Diagnosis is one of the most important parts of medicine since doctors can hardly do anything to cure a patient if they don’t know what the illness is. When it comes to tumors, the process is lengthy and complicated, increasing the chances of death. With the help of artificial intelligence, doctors can now cut the time needed for diagnosing tissue by 90 percent with considerable accuracy.
Normally, diagnosing something like a brain tumor takes about 30 to 40 minutes, during which, doctors would need to leave the operation room in order to put the samples through the rigorous process for analysis, Futurism reports. With the help of advanced AI, however, this time can be cut down to a measly 3 to 4 minutes.

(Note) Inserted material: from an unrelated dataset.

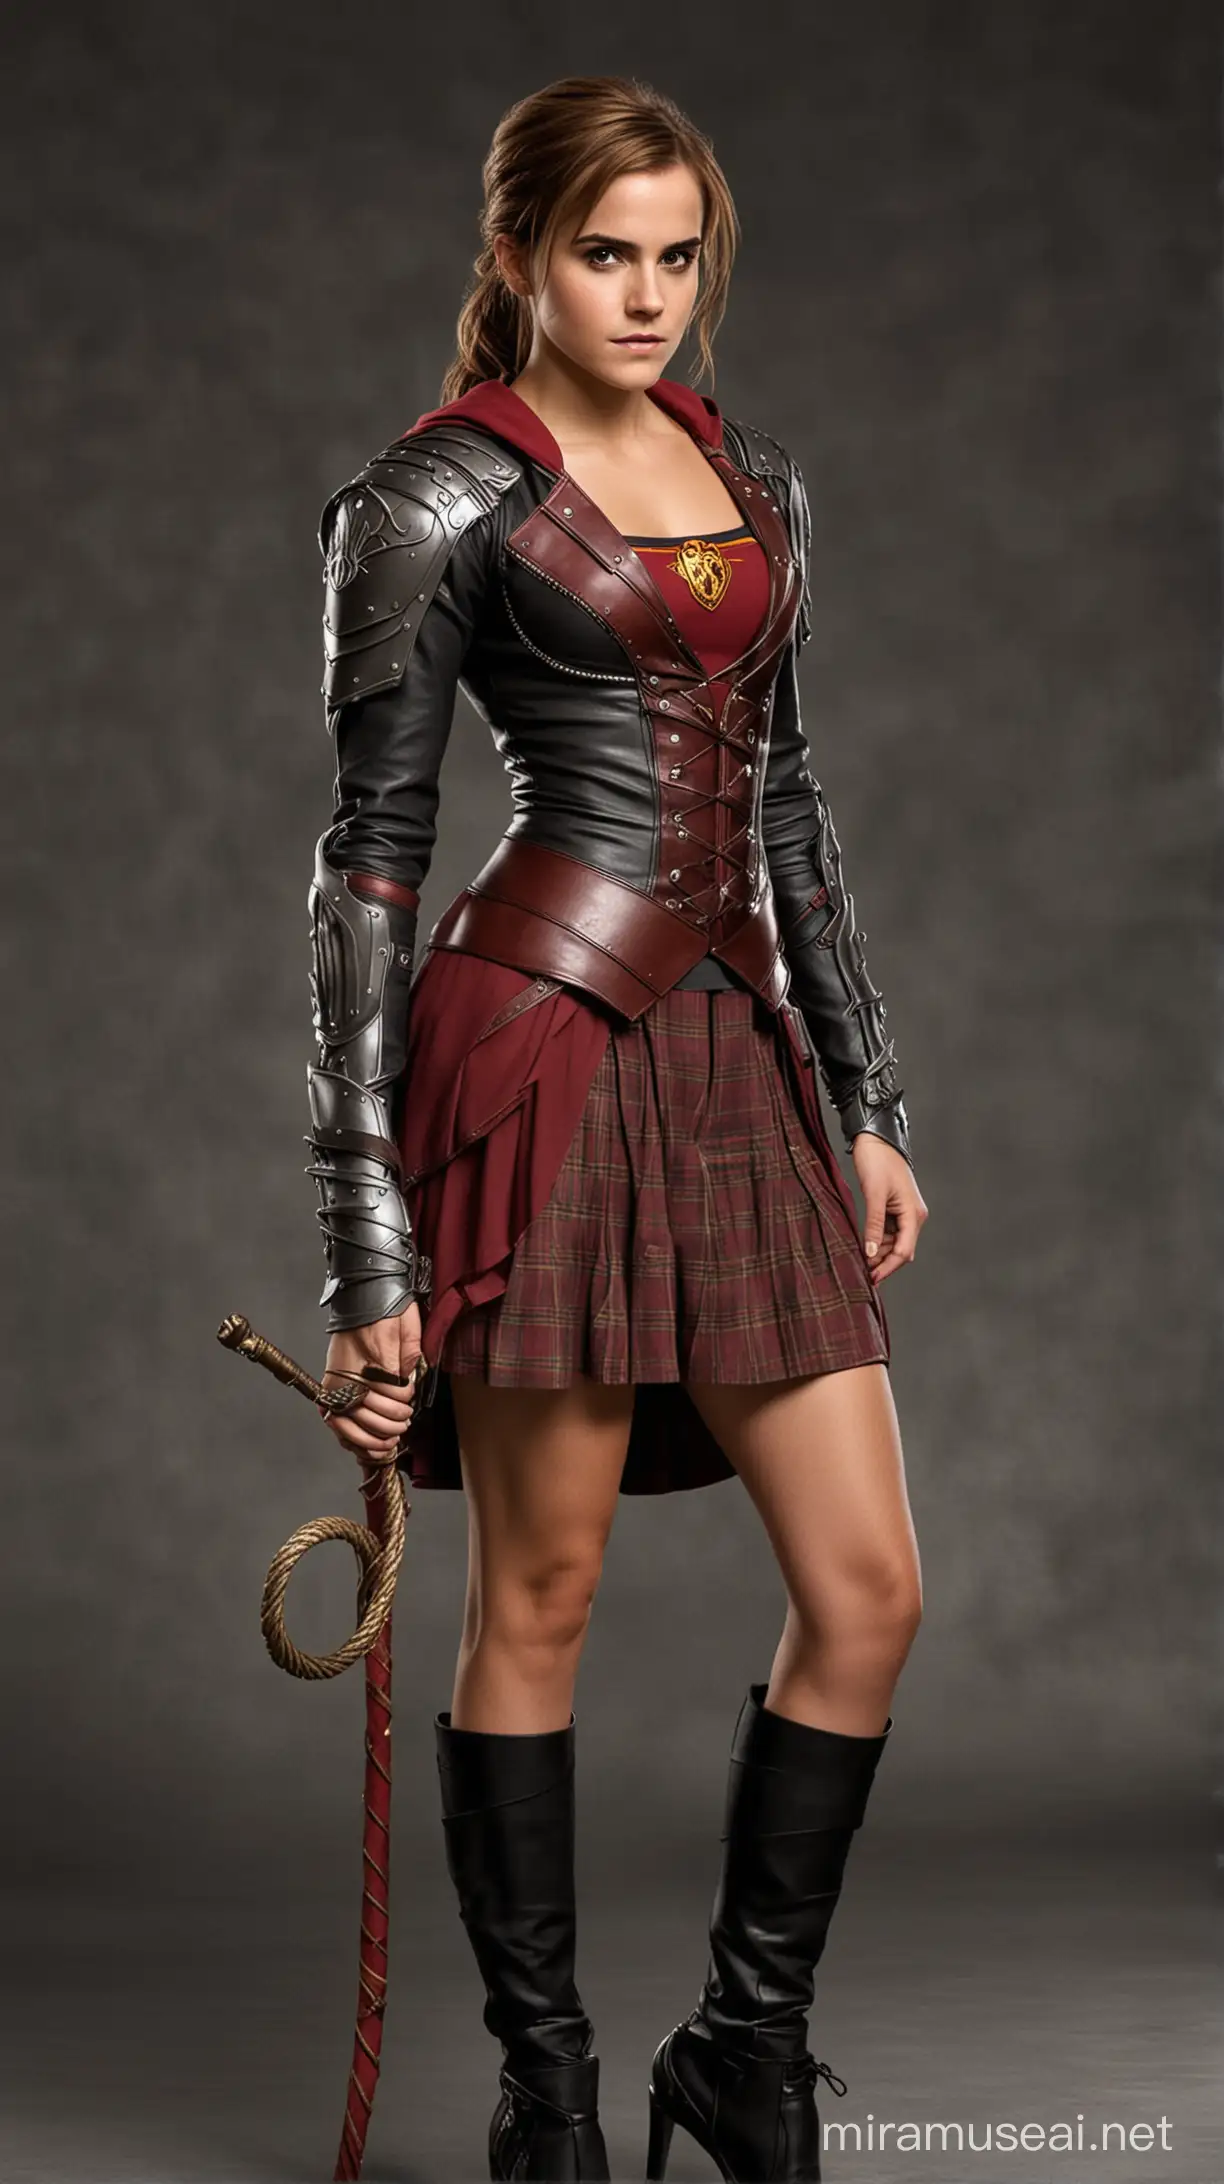 Emma Watson Strong and Confident in Gryffindor Bikini Armor with Bullwhip

More than that, doctors won’t even need to leave the room in order to get the results that they need. With the reduced diagnosis time and exposure to contaminants, there is a much higher chance of success.
The use of AI for diagnosing brain tumors is the basis of a study by University of Michigan Medical School and Harvard University researchers. According to the paper that they published, the method that they have developed will advance diagnosis science by increasing efficiency and reduce the burden on the doctors themselves.
“Conventional methods for intraoperative histopathologic diagnosis are labour- and time-intensive, and may delay decision-making during brain-tumour surgery,” the paper reads. “Stimulated Raman scattering (SRS) microscopy, a label-free optical process, has been shown to rapidly detect brain-tumour infiltration in fresh, unprocessed human tissues.”
The study used about 370 patients so far, with short-term goals sitting at 500. According to the results, the AI can analyze tissue samples at 90 percent accuracy. Through deep-learning, the researchers are planning to improve this rate so that it would stand at about 95 percent or higher.